ドラゴンは50本の大身槍から出続ける毒と、口から爆風と共にダイレクトに食道や肺に入ってくる高熱の毒により、ついに倒れた。
ロランは最後の力を振り絞り、鱗が剥がれたドラゴンの額に剣を突き刺し止めを刺すのだった。
その直後、全身が真っ白な、今まで死闘を繰り広げてきたドラゴンとは比較にならない高い戦闘力を持つドラゴンがロランの眼の前に出現した。
荘厳な威厳と空気を振動させるほどの異次元の戦闘力から、ロランは6天竜が1柱の『ヴァイス・ドラゴン』と推測し覚悟を決めた。
『…もう、動くことはできない…今度は魔法のない世界に生まれ変わりたい…』と思っていると『ヴァイス・ドラゴン』はロランに語りだした。

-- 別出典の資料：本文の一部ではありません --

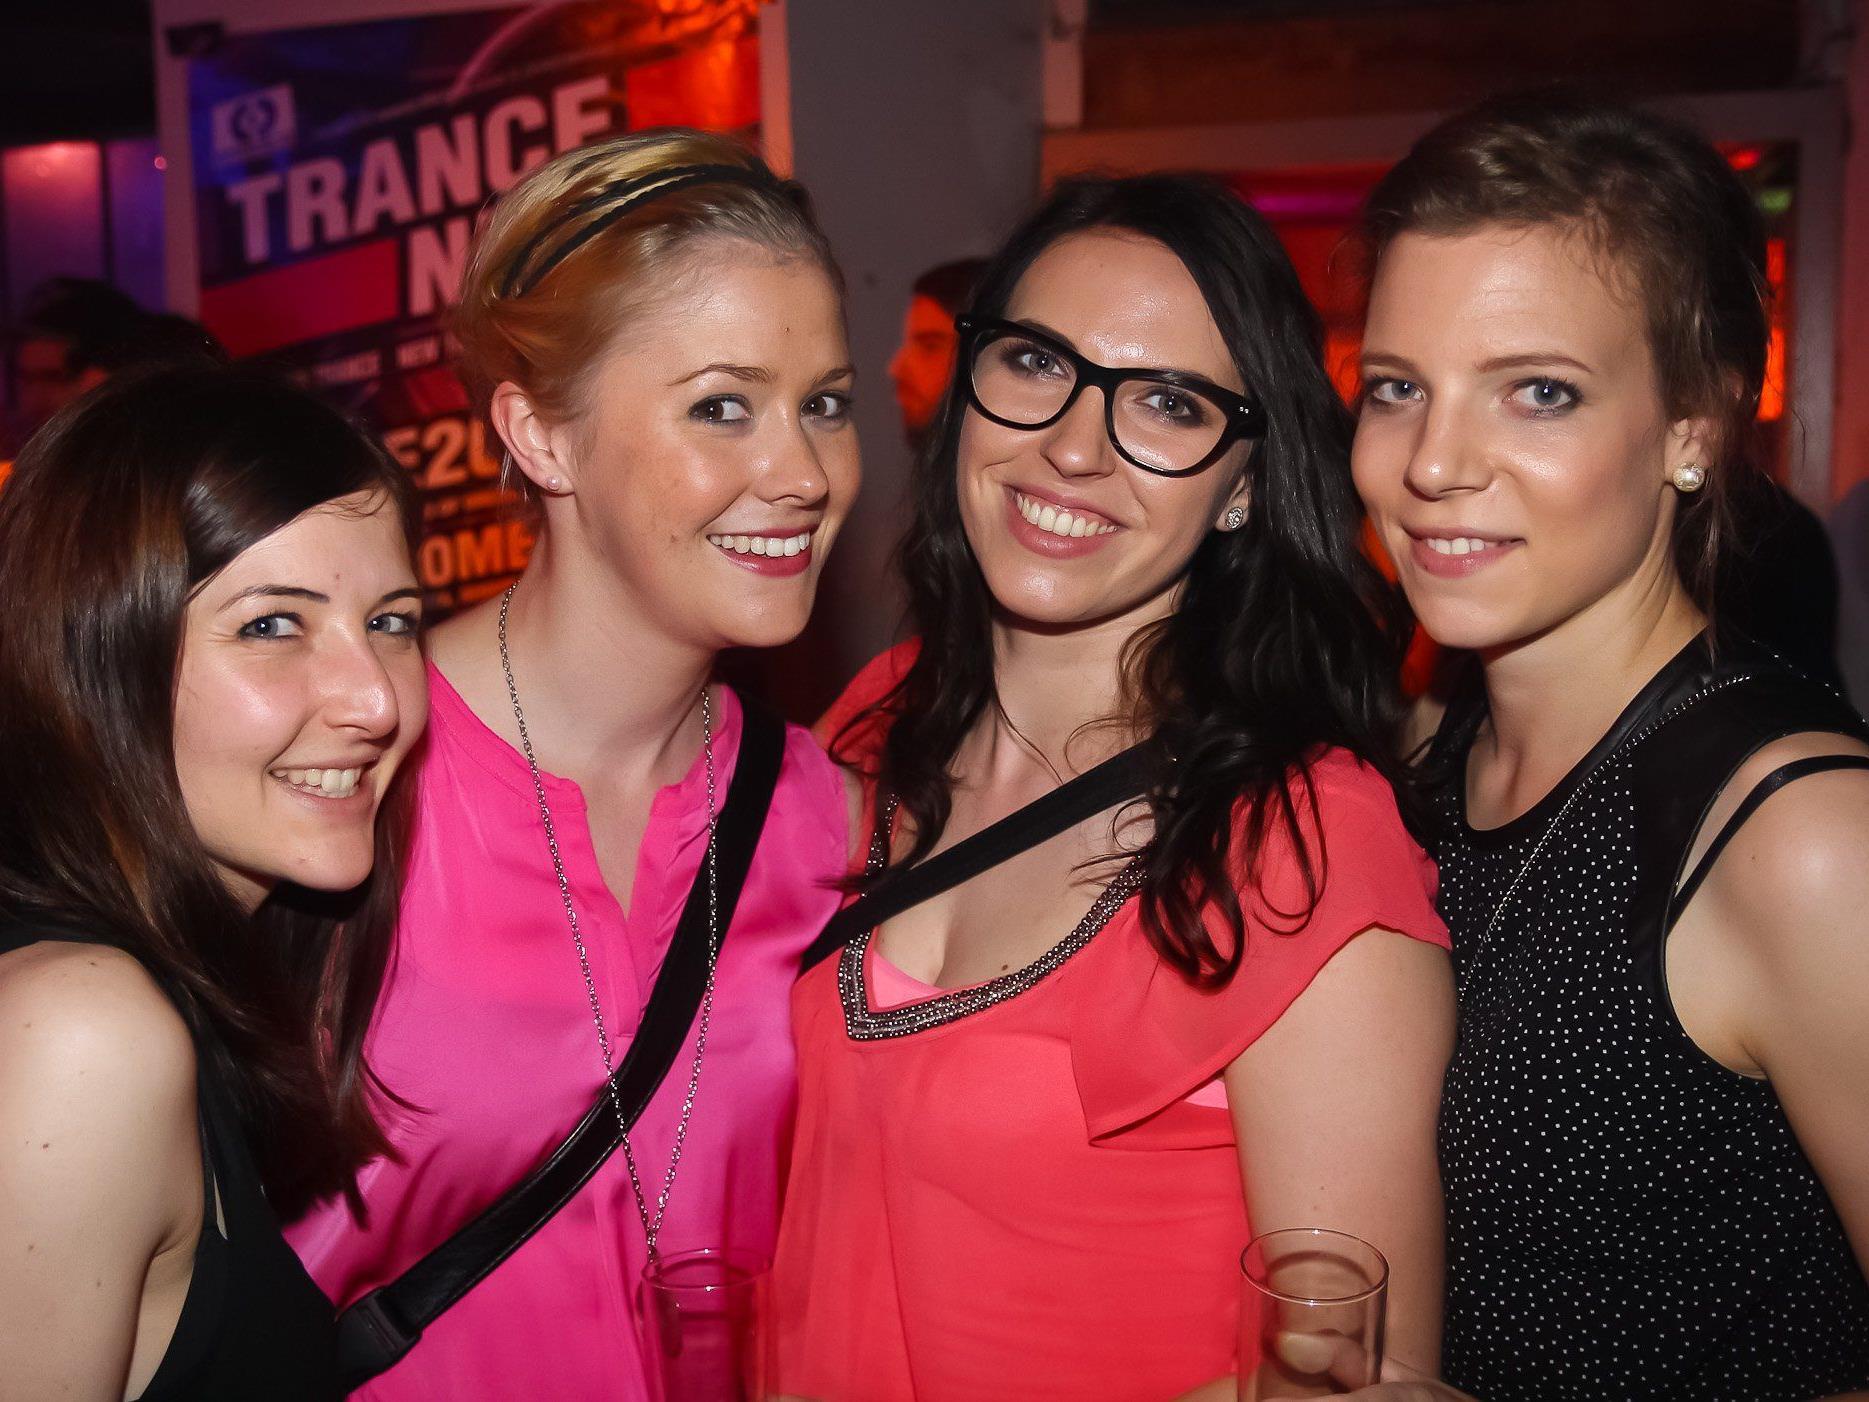 Steinebach-Clubbing am Freitag: VOL.AT verlost Tickets!

≪…小さく弱き者よ。見事であった。汝が倒せし竜の額に右手を付け『汝の魂を我、継承したり』と唱えよ…≫と言われ、ロランは一切抵抗せず、言われるままに行動する。
≪…うむ。小さく弱き者よ。汝に我らからの祝福を授ける。これを飲み干すのだ…≫
純金製の容器の中には『赤、藍、赤茶、白、プラチナ、黒』の原色の液体が混ざらない状態で入っていた。
見た目があまりにグロテスクで激臭のため、ロランは『…これは飲めない…』と思い、『ヴァイス・ドラゴン』に向かって首を横に振り飲めないと懇願するも、再び『ヴァイス・ドラゴン』に飲み干すよう指示され、仕方なく飲み干した。
≪…うむ。最後に汝にドラゴンの名を与えよう『ヴィータ・ドラクーン』それが汝の名だ。では、悠久の時の彼方で再び会おうぞ、新たなる我が同胞よ…≫
ロランを見つめ微笑むと『ヴァイス・ドラゴン』は消えていった。
一方、王都冒険者ギルドではギルド長であるウルリカが"ロランとヴァイス・ドラゴンの会話は消音"して念写していたため、冒険者達はどんな会話が行われたか理解できなかったが、ロランがドラゴンを単独で倒し、王国史上7人目の『竜覇者』になったことに沸き上っていた。
ロランはその晩、自分の身に起きた変化を知る由もなく眠り続けた。
眠り続けるロランの称号には、『不死』『人の身で天竜と成りし者』という新たな称号が加わっているのだった。